Zwei schlanke Business-Typen

Große Aufmerksamkeit ist dem neuen Tourismo sicher. Und richtig gespannt haben wir die ersten Kilometer mit dem Newcomer zurückgelegt. Besonderes Augenmerk genießen die beiden Zweiachser mit hohem Neuheitswert.

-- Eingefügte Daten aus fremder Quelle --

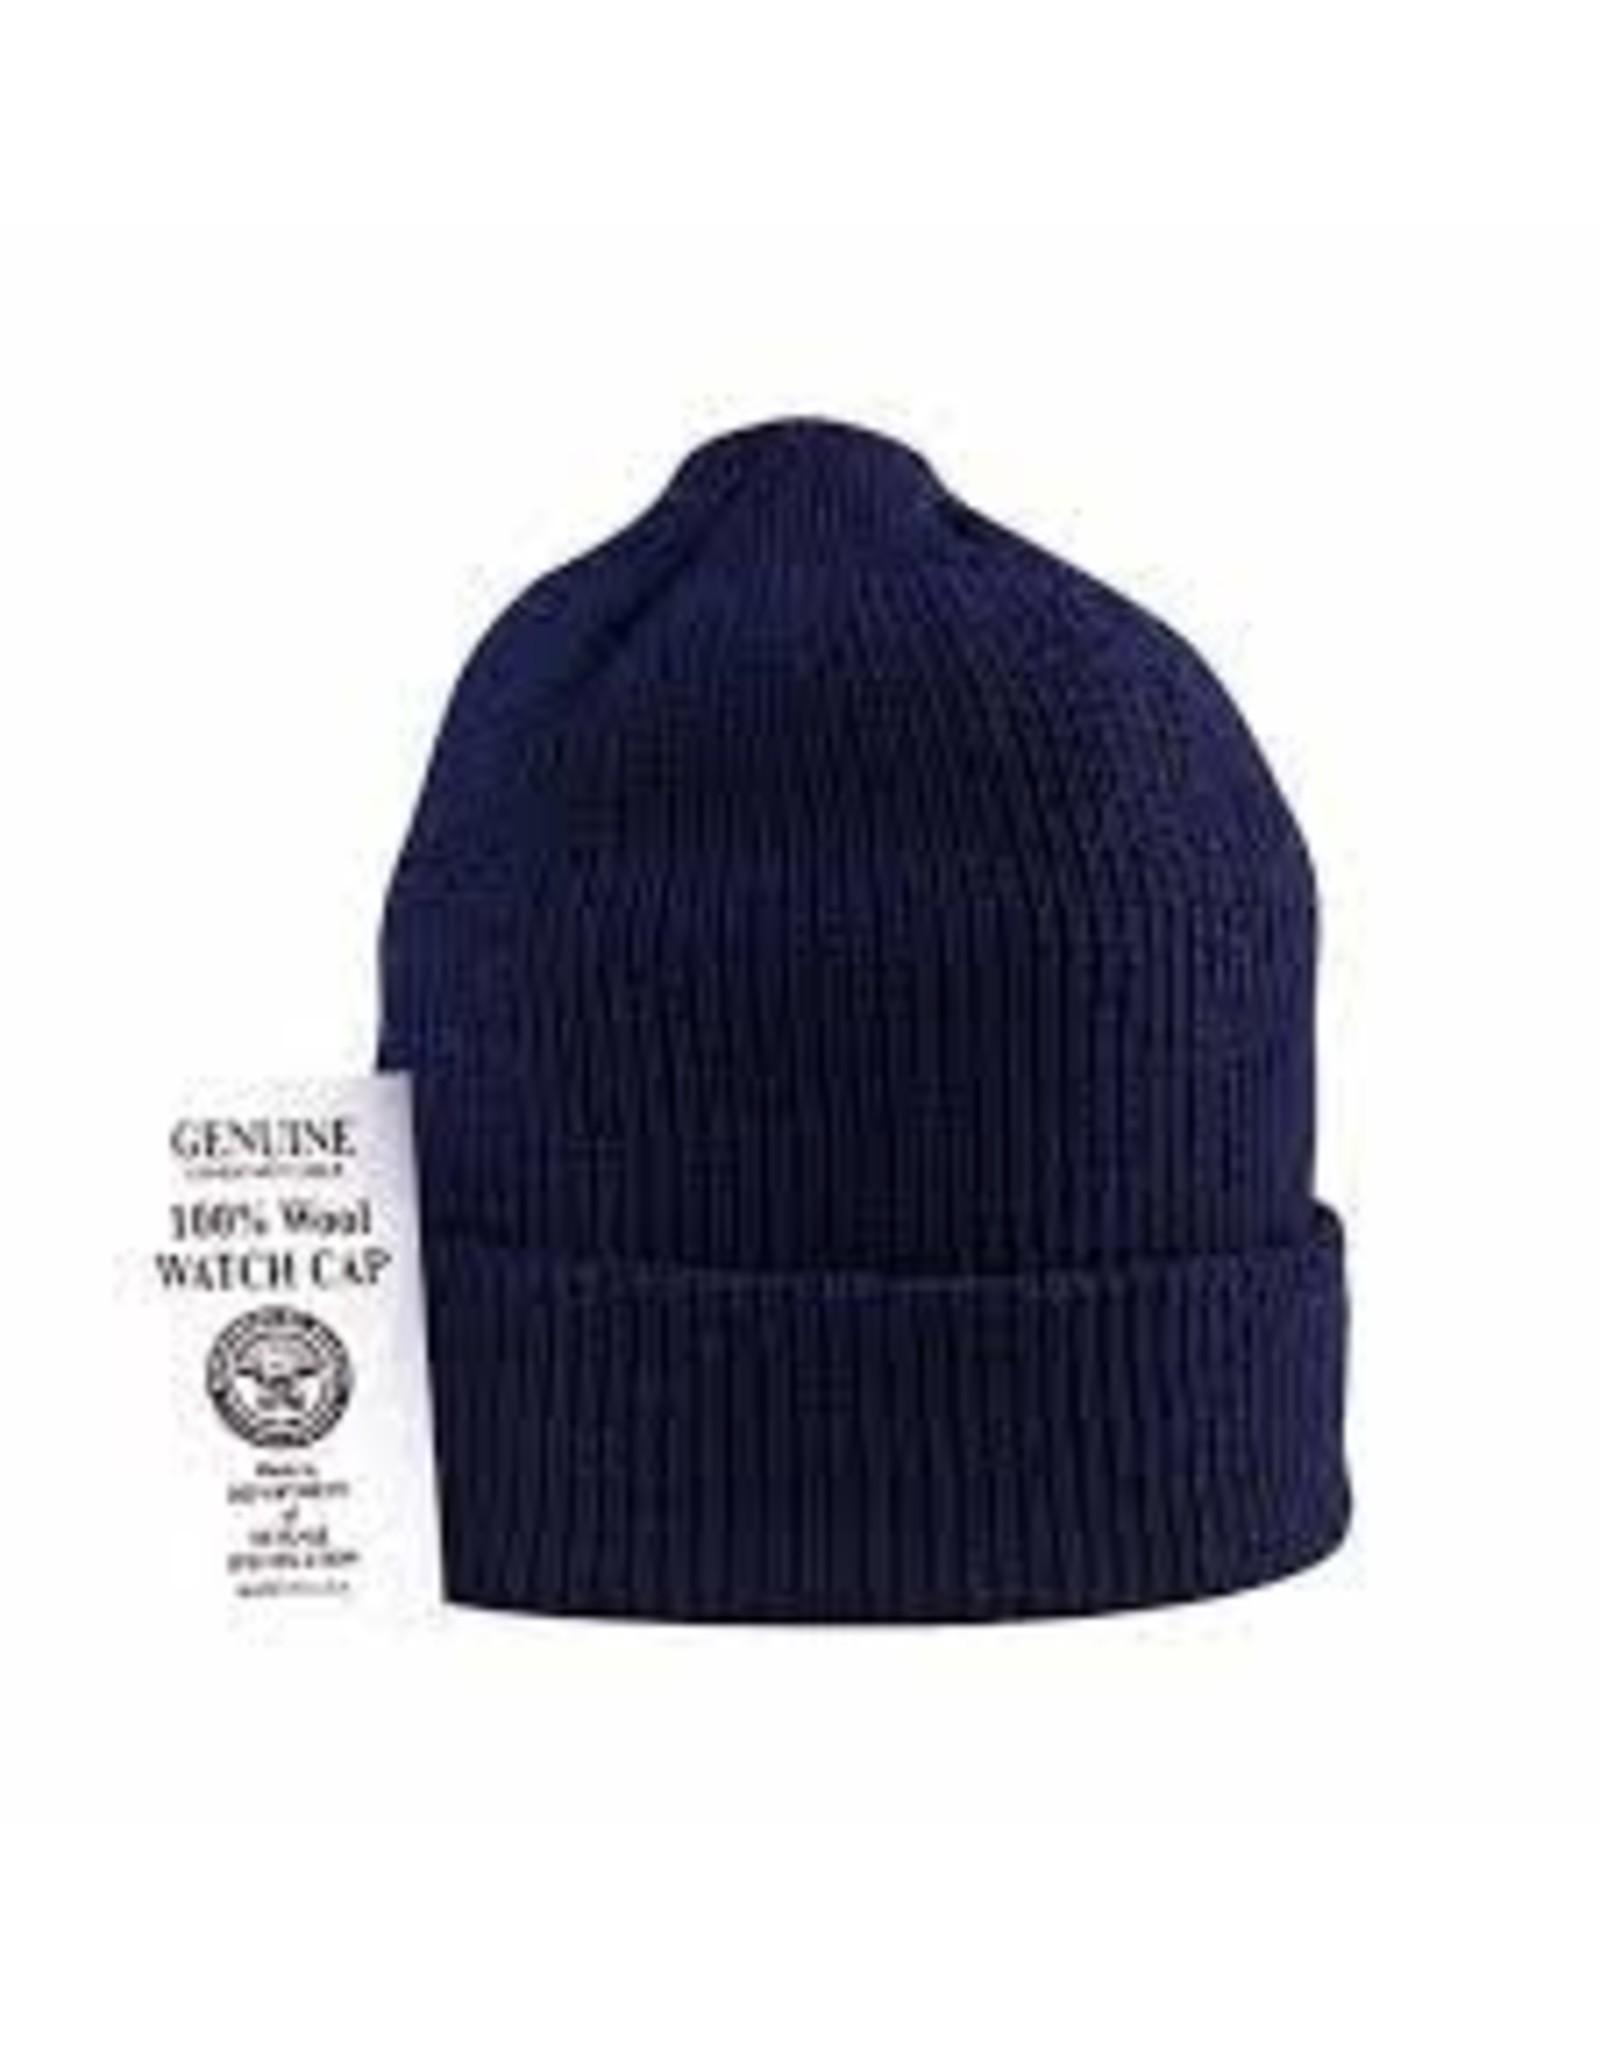 ROTHCO 100% WOOL WATCH CAP

Endlich ist es soweit. Nach den statischen Präsentationen und Messeauftritten darf sich der taufrische Tourismo auf der Straße beweisen. Die Omnibusbranche wartet mit Spannung auf den ersten Einsatz, wie wird sich das Nachfolgermodell des europaweit erfolgreichsten Reisebusses schlagen? Etwas Skepsis noch, bevor wir loslegen. Schließlich sind Fahrberichte, die man bei Modellpräsentationen fertigt, auch immer eine Gratwanderung.

Zu scharf darf man nicht urteilen, weil ja die Argumentationsgrundlage nicht hieb- und stichfest ist. Und man muss höllisch aufpassen, dass man den Marketingbotschaften nicht auf den Leim geht. Aber diesmal ist alles anders, unsere beiden Tourismo-Zweiachser parken nur wenige Meter von der kroatischen Küstenstraße entfernt. Wenn das keine Ansage ist – dann mal los mit den beiden Hochdeckern.

Zweiachser im Trend
Im ersten Schritt beschränkt sich der Marktführer auf klassische Hochdecker, das Volumensegment. Die gibt es in drei Längen: 12,30 m, 13,12 m, 13,94 m. Uns haben es die Zweiachser angetan, die ja jetzt groß im Kommen sind. Gerade die mittlere Fahrzeuglänge verspricht künftig Zuwachs, der neue Mercedes-Typ heißt Tourismo „M Strich Zwei“, er soll vor allem den Fernbusmarkt aufmischen. Mit seiner auf 7,5 t aufgelasteten Vorderachse darf er auch auf Deutschlands Straßen 19,5 t wiegen. Wenn man allerdings in die technischen Daten schaut und die Summe der zulässigen Achslasten nachrechnet, bleibt es bei 19 t – oder haben wir uns da verrechnet?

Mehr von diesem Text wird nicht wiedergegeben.